Récit de rêve
Nous n’avons pas de maison. En attendant, nous séjournons dans celle-ci, amarrée à la nuit, flottant sur des vagues de vent dans la forêt noire où l’humidité dépose en guirlandes des lampions aux parois irisées. Les feuilles gagnent lentement les fenêtres double vitrées. Je sens, à travers, leur souffle froid, leur haleine de fleurs. Il faut partir demain. Déménager. Je fais une bulle et j’y entre : lire un moment, écrire, avant de ranger, empaqueter, emporter. E s’énerve et crève la bulle. Je réplique : il vaut mieux qu’on se sépare ce soir, on visitera la ville chacun de notre côté. Une ville de petits carrés dans de petits carrés, vertigineuse : promenade dans une toile de Vieira da Silva. J’avance dans la crainte de rencontrer E, en me révoltant et lui en voulant de vivre dans la crainte. J’hésite à un croisement. Quel est le bon côté ? Le sien ou le mien ? Devrais-je être en colère contre moi ? N’est-ce pas la même chose ? N’est-ce pas avant tout contre moi que je suis en colère contre lui ? Il arrive, les mains dans les poches de sa veste noire aux deux parallèles blanches. Entre nous la porte ouverte d’une boîte de nuit souffle une allée embuée, violacée.
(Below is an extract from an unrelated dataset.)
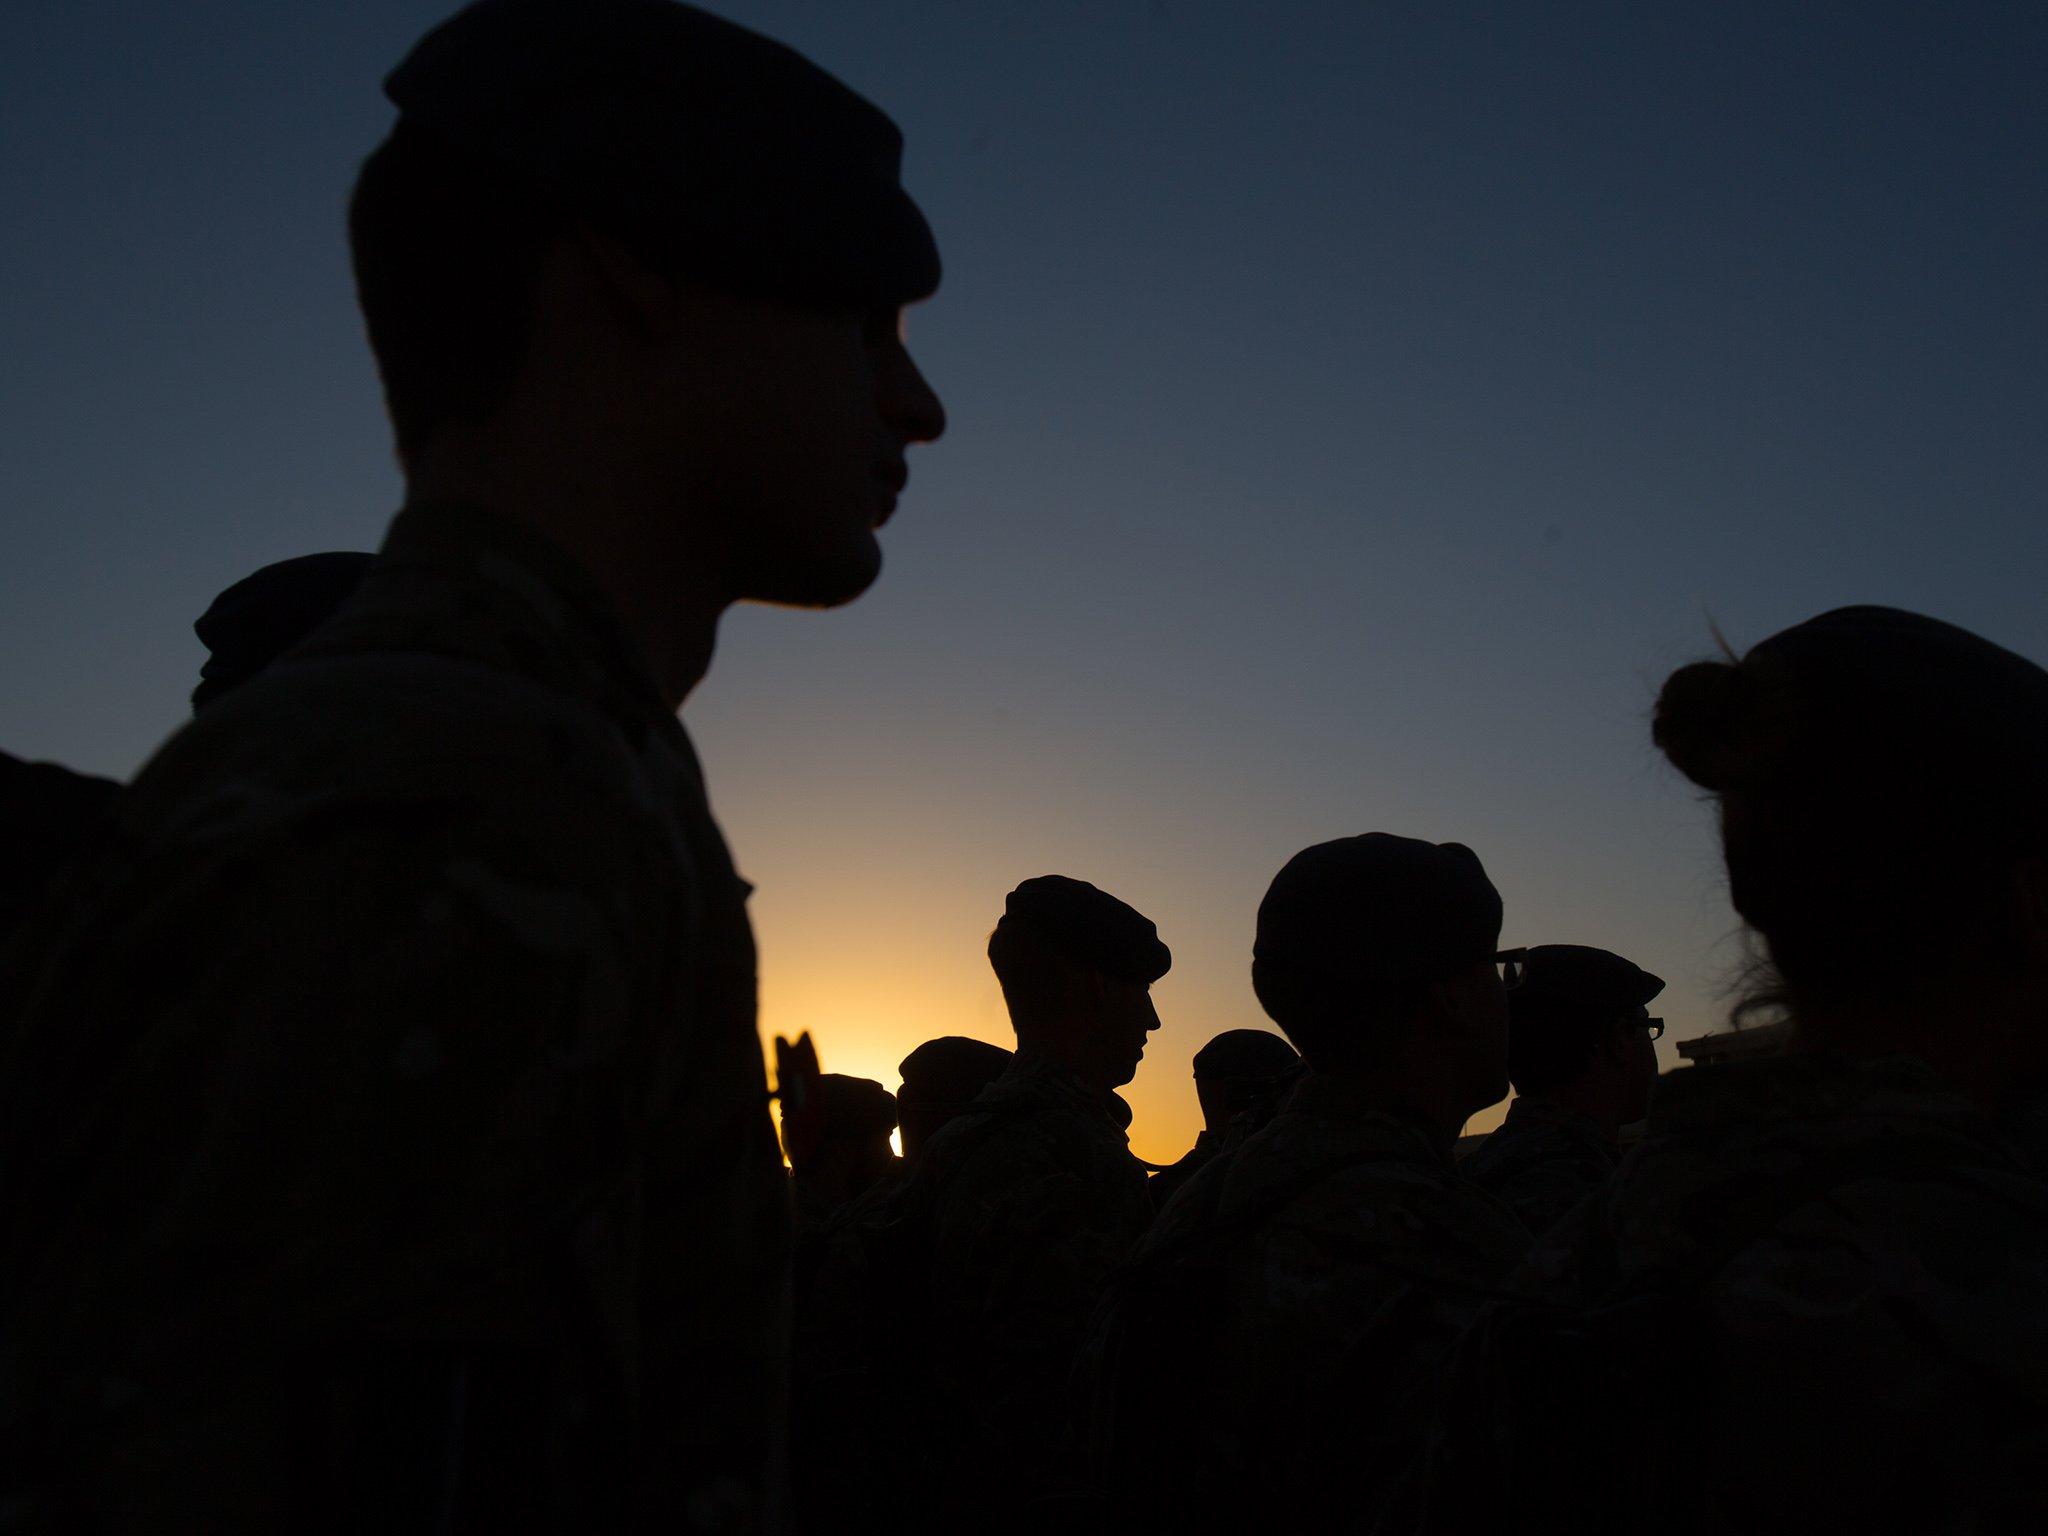 uk-army-mental-health

Quelqu’un me montre une grue et me raconte qu’un garçon qui travaillait là-haut est tombé : il est mort. Je contredis parce que je le connais : il est bien tombé, pile dans la mer, et s’est changé en panthère des mers, la nage aussi douce qu’un pelage, la caresse des caresses. Il est ressorti là-bas, parmi les îles minuscules en myriade, chacune à peine assez grande pour abriter un arbre ou un bouquet d’arbres, forêt en pointillés où la mer dessine un réseau de sentiers salés sous une canopée à la faune et à la flore folles qui s’entremêlent dans les hauteurs. Le garçon-panthère pose sa patte souple sur le sable et s’ébroue pour se débarrasser des nénuphars. Il rencontre un autre garçon (tous deux ont 17 ans environ) et en tombe amoureux. C’est étrange, ce garçon sort avec son ancienne copine et il ressent ce qu’il ressent lorsqu’ils font l’amour (expression bien sentimentale pour ce qu’ils font). Le garçon répond : ce n’est pas étrange, avant ta mort, ou plutôt ta métamorphose, je ressentais ce que tu ressentais, c’est pour ça que je l’ai choisie, elle.
En fait, je suis encore dans ma bulle et je lis un livre parfait, il est plein de tirets. J’en parle à Flore, elle est d’accord. Elle commente : c’est le rythme.